• [TASK STATEMENT]: Look below for the line containing "Vegan mushroom and"; from there, print each line exactly up to and including the line containing "Apricot Lane Louisville", and stop.

• [ENTRIES SHOWN]:
+ + +

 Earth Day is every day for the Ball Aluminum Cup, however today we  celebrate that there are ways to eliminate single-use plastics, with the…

+ + +

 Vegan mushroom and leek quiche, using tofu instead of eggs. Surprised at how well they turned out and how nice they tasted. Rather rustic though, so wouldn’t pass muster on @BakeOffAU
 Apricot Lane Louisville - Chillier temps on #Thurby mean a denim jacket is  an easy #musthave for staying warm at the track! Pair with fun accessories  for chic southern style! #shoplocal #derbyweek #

+ + +

• [SOLUTION]:
 Vegan mushroom and leek quiche, using tofu instead of eggs. Surprised at how well they turned out and how nice they tasted. Rather rustic though, so wouldn’t pass muster on @BakeOffAU
 Apricot Lane Louisville - Chillier temps on #Thurby mean a denim jacket is  an easy #musthave for staying warm at the track! Pair with fun accessories  for chic southern style! #shoplocal #derbyweek #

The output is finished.